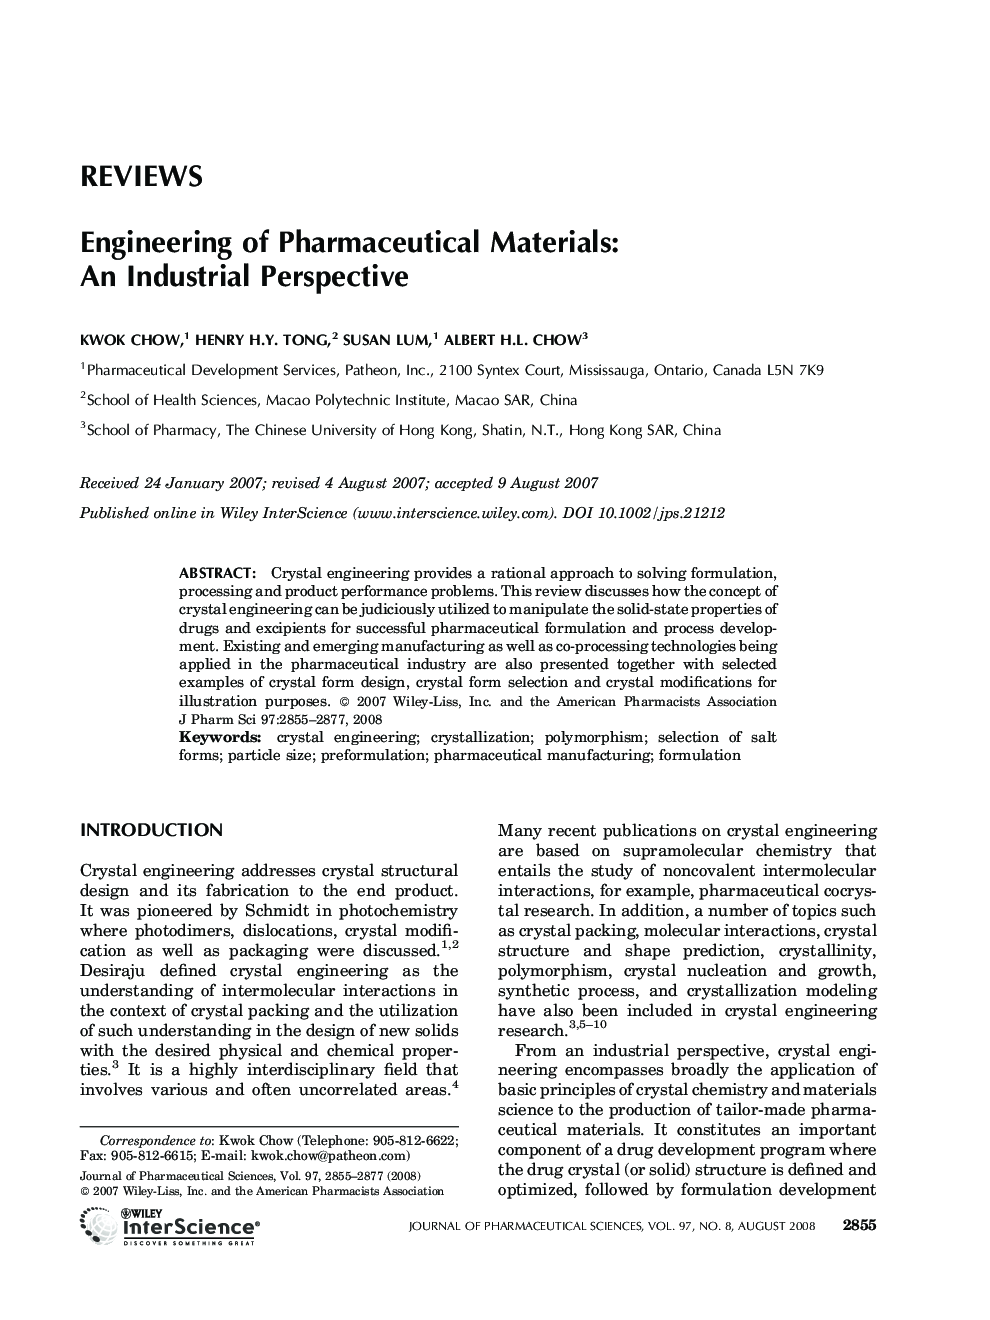 Engineering of Pharmaceutical Materials: An Industrial Perspective
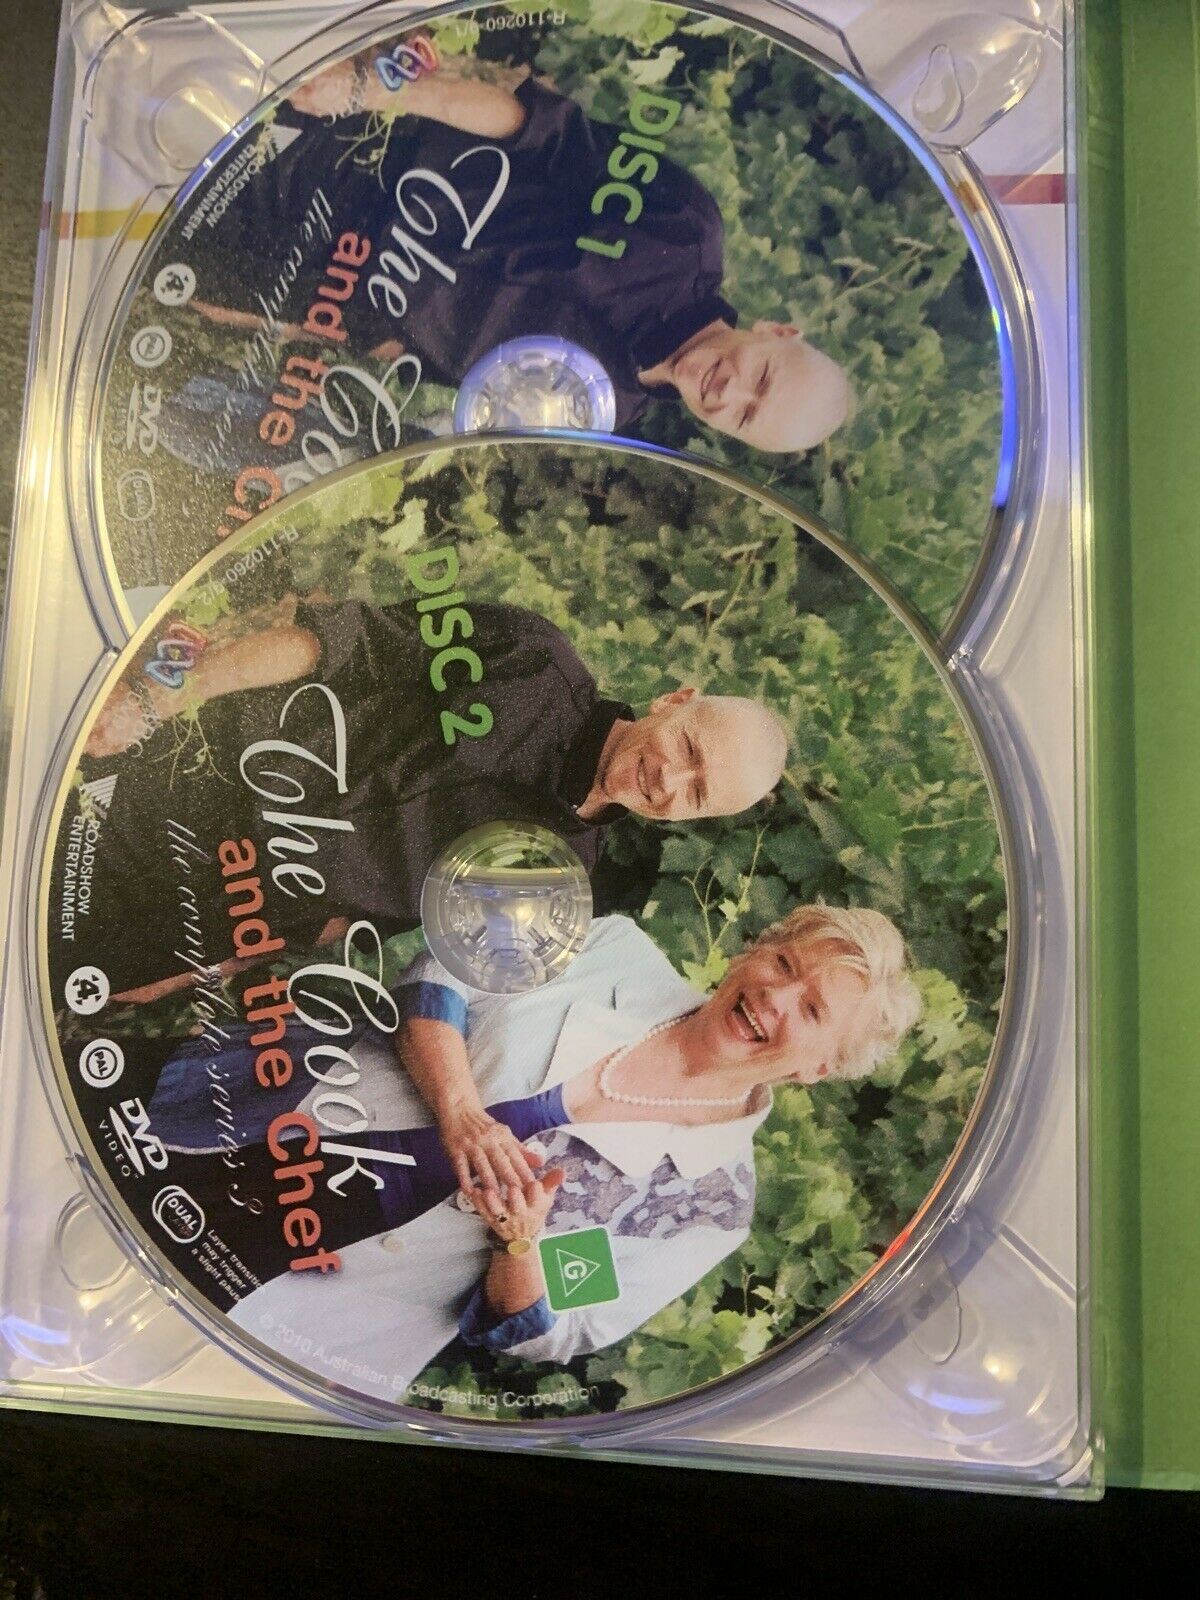 The Cook And The Chef : Series 3 (DVD, 2010, 8-Disc Set) Maggie Beer Region 4
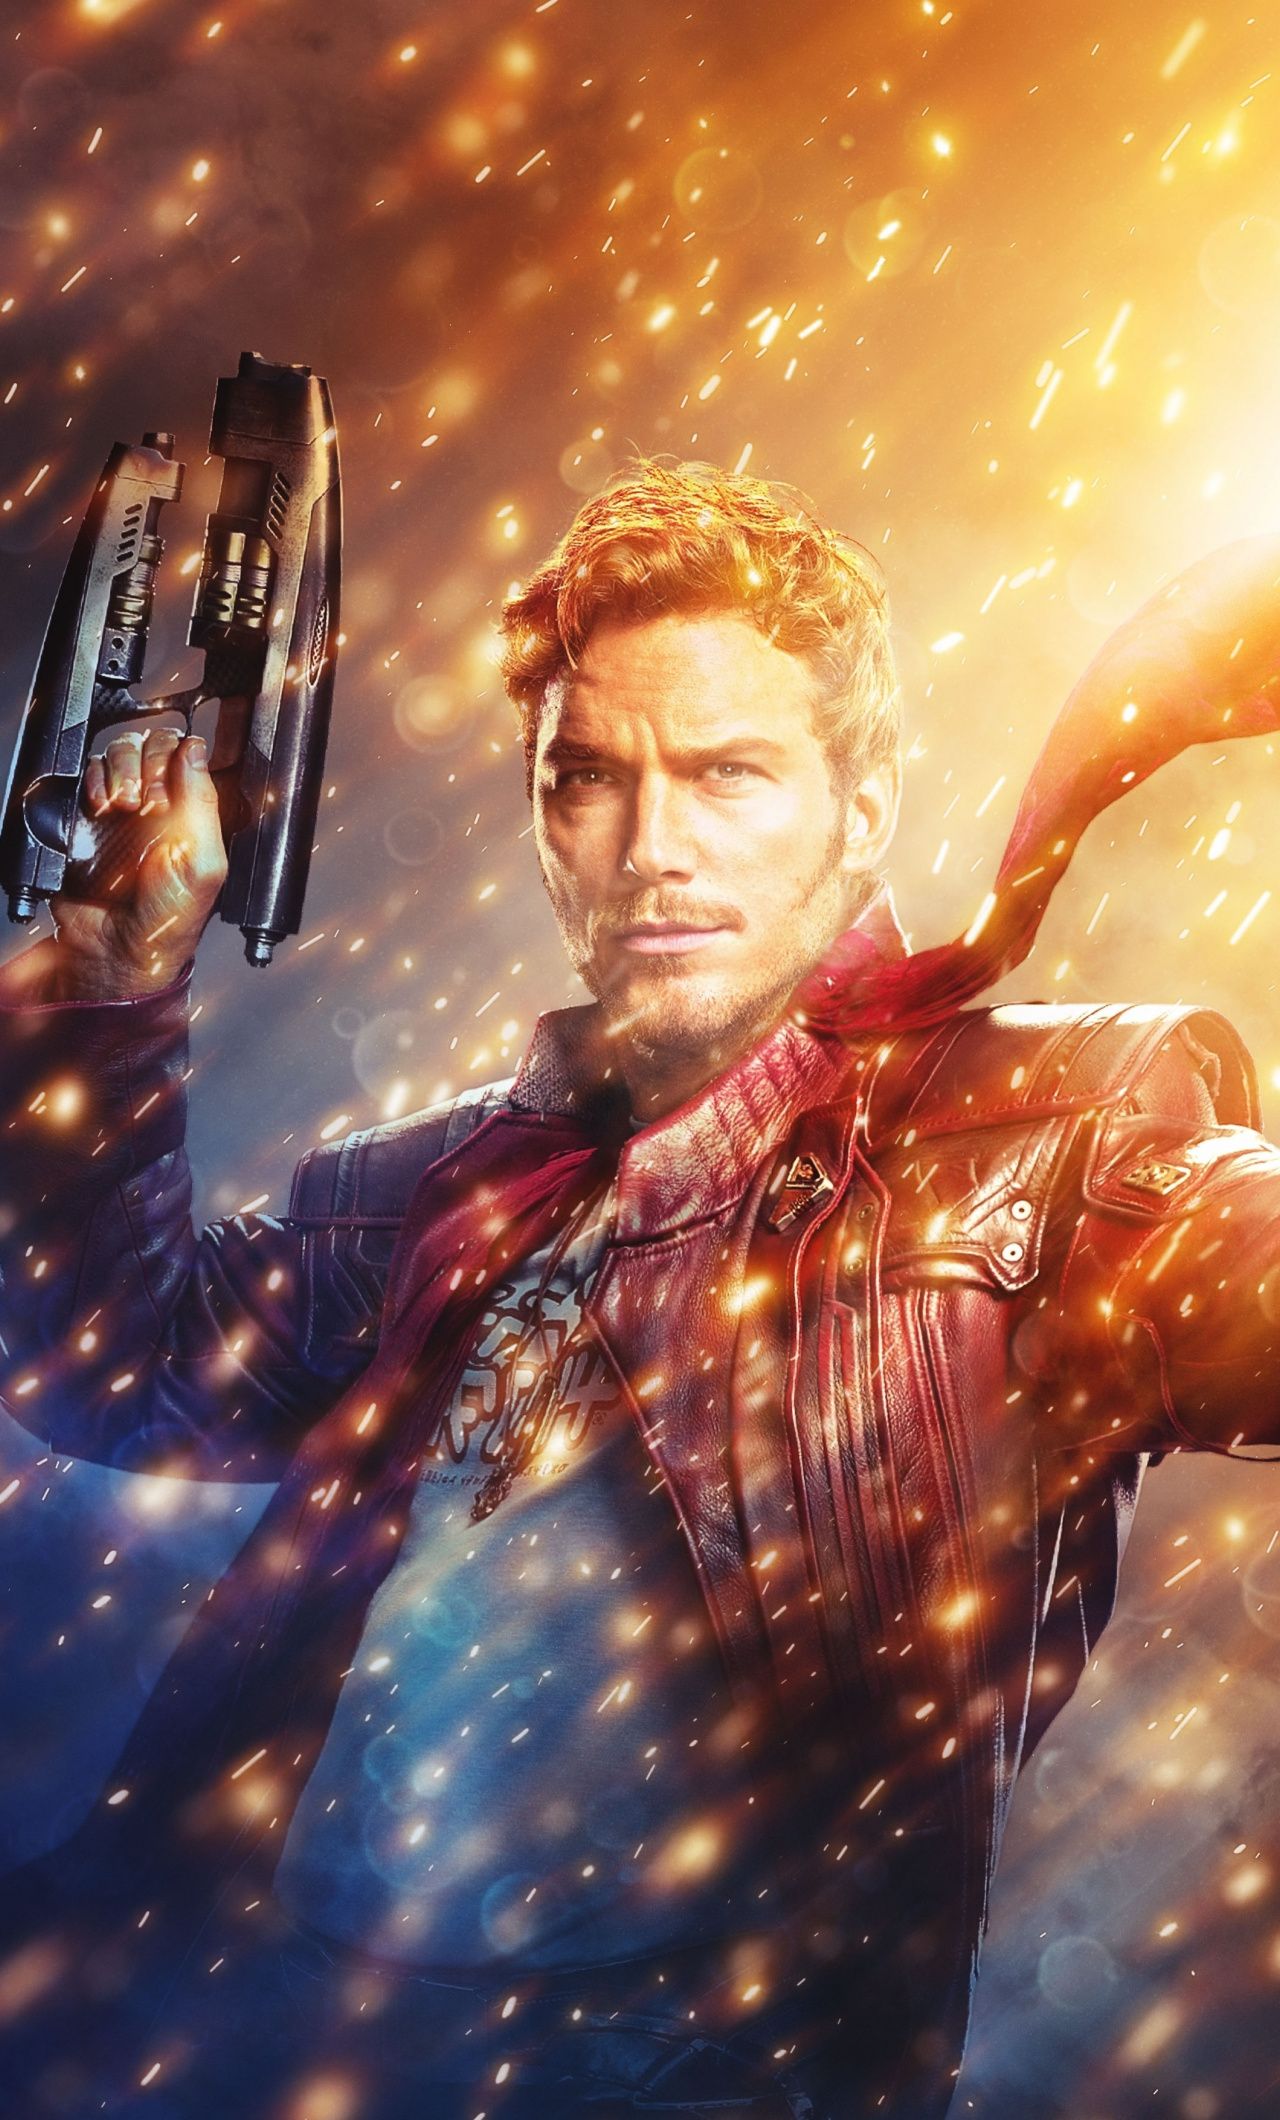 The Guardians Of The Galaxy, Movie, Star Lod, Chris Pratt, Art, 1280x2120 Wallpaper. Guardians Of The Galaxy, Star Lord, Galaxy Movie
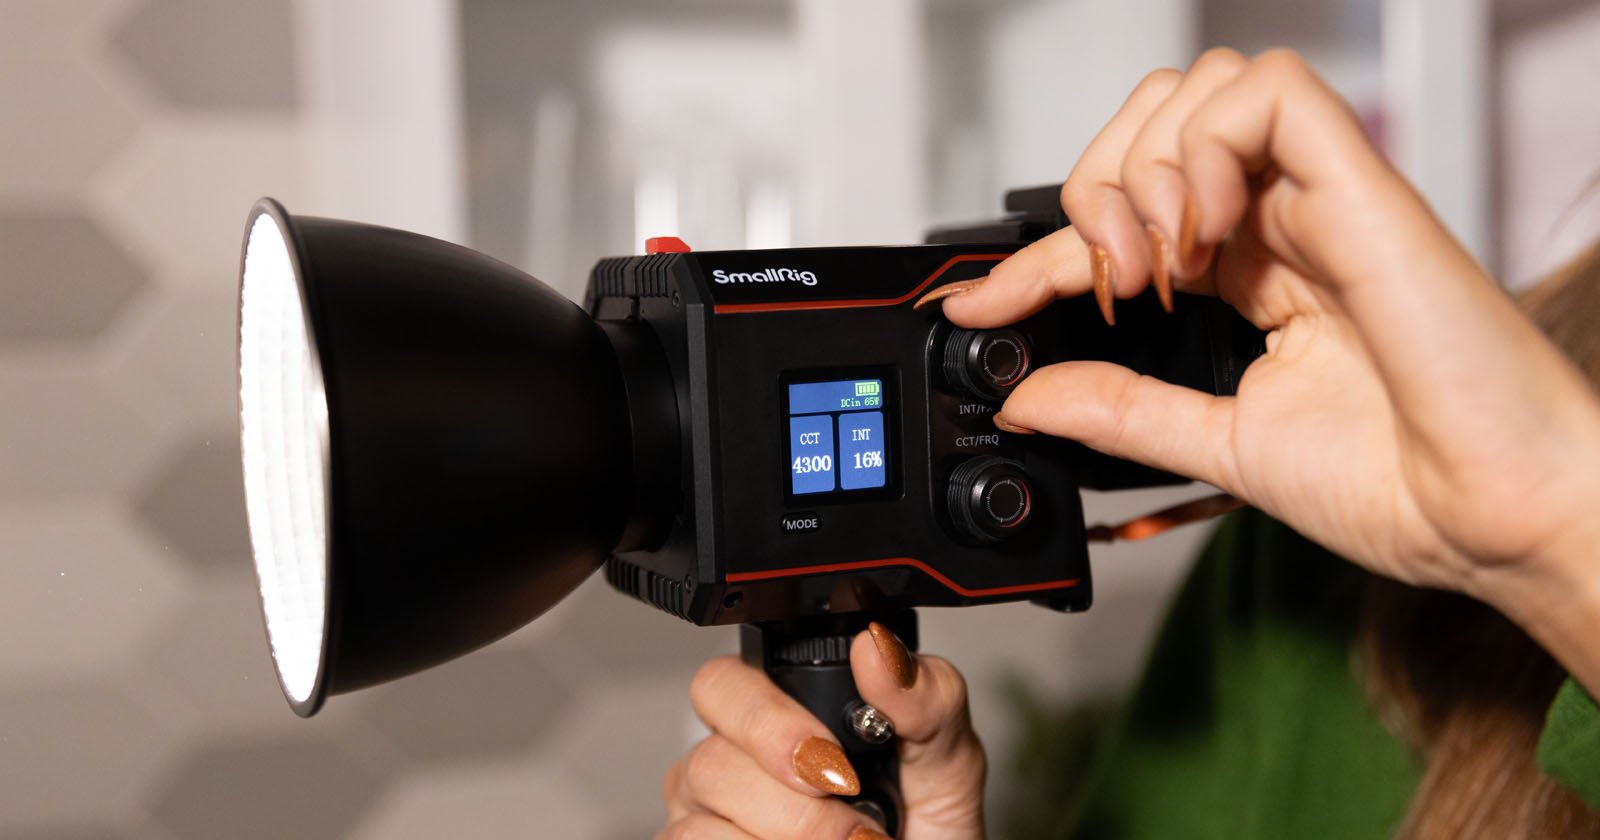 SmallRigs New Video Light is Small, Lightweight, and Affordable
§
Exactly repeat the material from its first line through the line with "The Cook And", including both, and leave the pictures and everything else out.

 Engineering of Pharmaceutical Materials: An Industrial Perspective
 The Cook And The Chef : Series 3 (DVD, 2010, 8-Disc Set) Maggie Beer Region 4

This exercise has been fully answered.